New research suggests caffeine drinkers “may have difficulty accurately perceiving the influence of caffeine on sleep quality”

Coffee drinkers may want to think twice before having large doses of caffeine several hours before bed — if they want a good night’s sleep.

A new study suggests that certain doses of caffeine consumption can disrupt one’s sleep — even if you’ve had said caffeine 12 hours before going to bed.

Researchers, whose work was published in Sleep in October, looked into the effects of a “typical dose” and a “high dose” of caffeine consumed at different times of the day (“morning, afternoon, and evening”), and found that higher doses may indeed impact sleep, for as long as several hours before people call it a night.

The study, which enlisted 23 men with a “moderate habitual caffeine intake” (under 300 mg) between the ages of 18 and 40, discovered that while a 100 mg dose of caffeine can be consumed up to four hours before bedtime, a 400 mg dose “may negatively impact sleep” when consumed within 12 hours before bedtime — “with the adverse influence on sleep increasing the closer consumption occurs to bedtime.”

This “discrepancy between objective and subjective sleep quality,” researchers found, suggests caffeine drinkers “may have difficulty accurately perceiving the influence of caffeine on sleep quality.”

“We were interested in this topic because there is limited evidence to guide clear recommendations on the dose and timing of caffeine consumption relative to sleep,” said study author Carissa Gardiner, postdoctoral researcher at the SPRINT Research Centre at the Australian Catholic University, according to PsyPost.

“With approximately 80% of the population consuming caffeine, it may contribute to the high rates of sleep insufficiency currently reported.

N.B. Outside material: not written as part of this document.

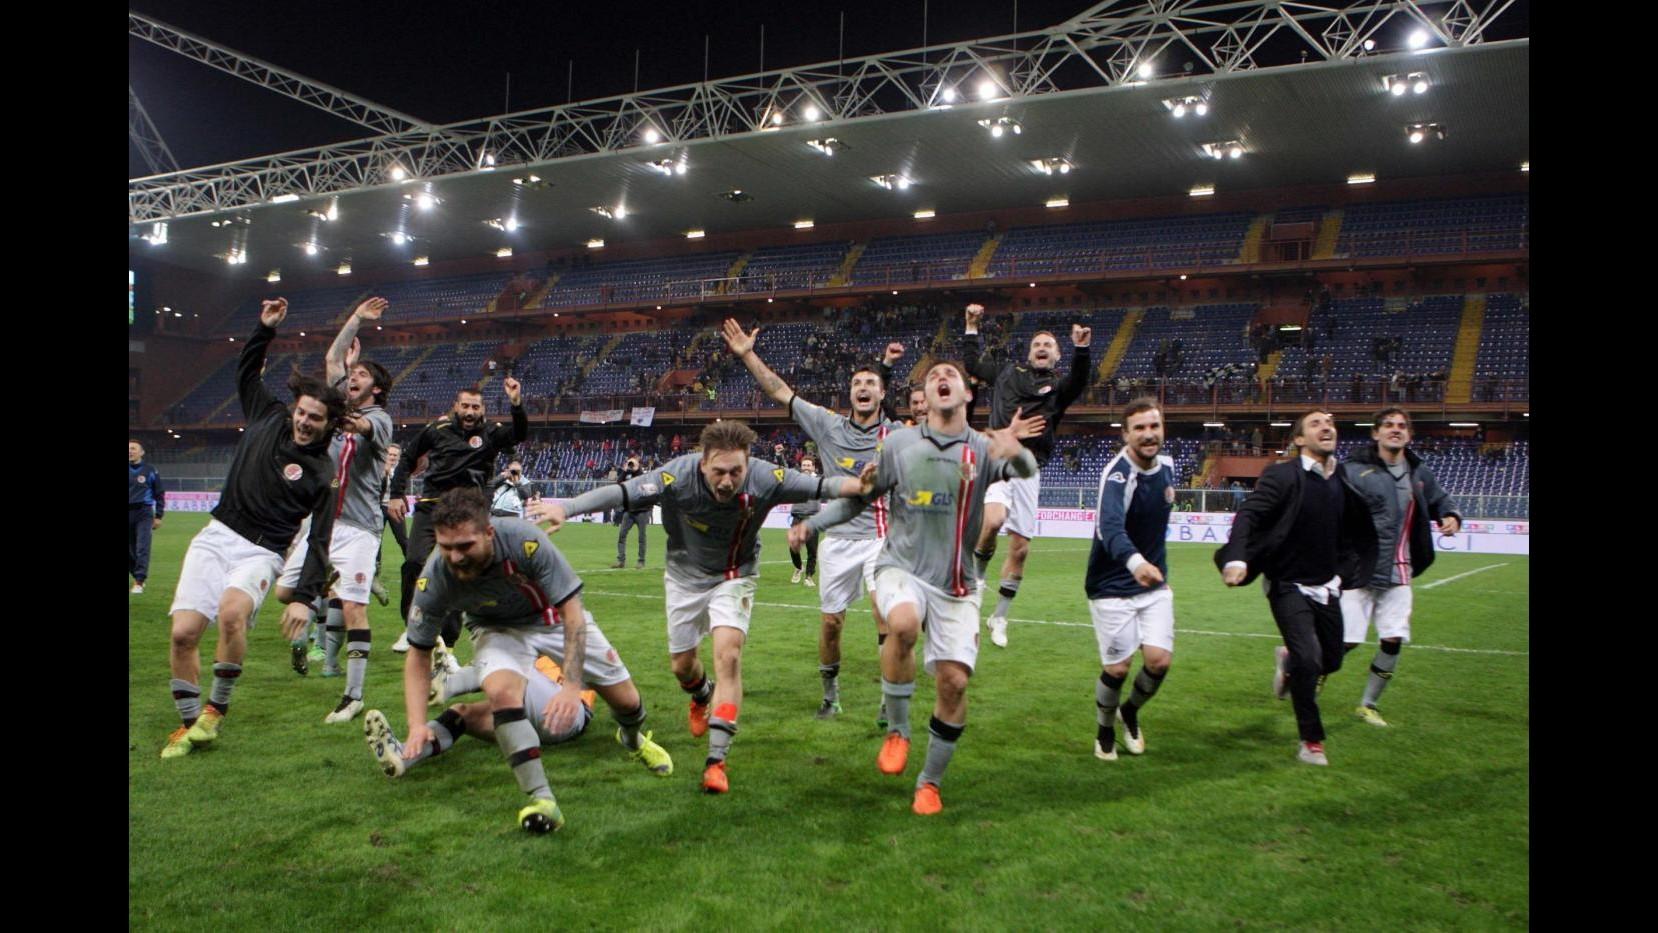 Coppa Italia, Alessandria firma l'impresa: Genoa ko 2-1, Grigi ai quarti
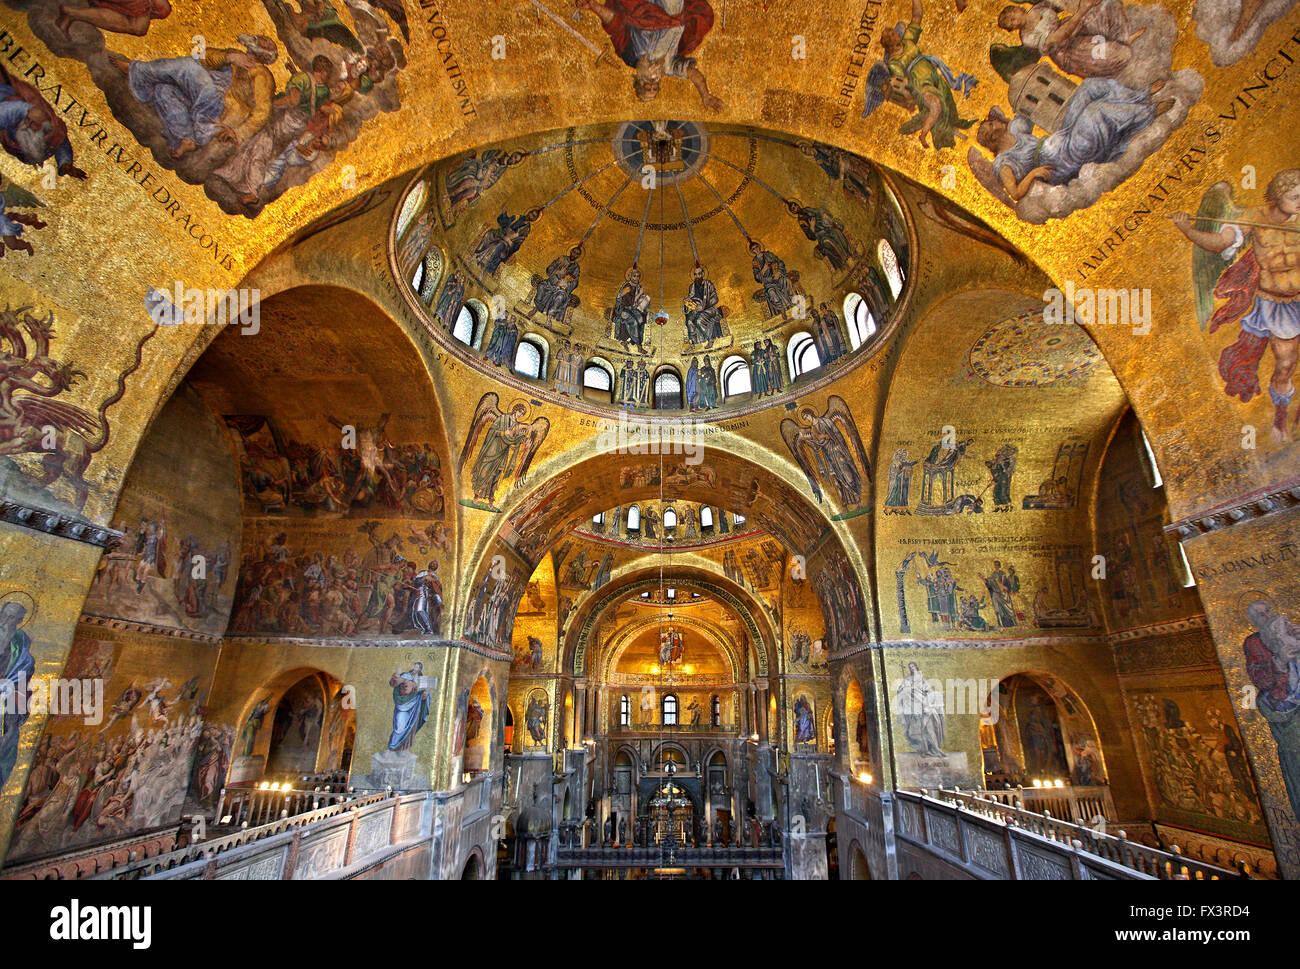 Amazing mosaics inside the basilica di san marco st mark for Esterno basilica di san marco

Understanding how caffeine dose and timing of intake affect sleep can help develop practical guidelines to minimize the negative impact on sleep.”

The study itself had the men participating in seven conditions, including “placebo” and 100 mg and 400 mg of caffeine consumed 12, 8, and 4 hours before bedtime. Each condition featured “a 48-hour washout,” as sleep was assessed with “in-home partial polysomnography” — or a sleep-monitoring device — and “sleep diaries.”

All testing was performed in the participants’ homes over a 21-day period; women were excluded from the study “due to the timeframe required to account for differing hormonal profiles.” Caffeine was administered in capsules, and saliva samples were collected throughout.

Per the research, “no significant effects were observed for the consumption of the 100 mg dose of caffeine across each time point.” The 400 mg dose had varying effects, and would “significantly delay sleep initiation and alter sleep architecture” when consumed within 12 hours of bedtime.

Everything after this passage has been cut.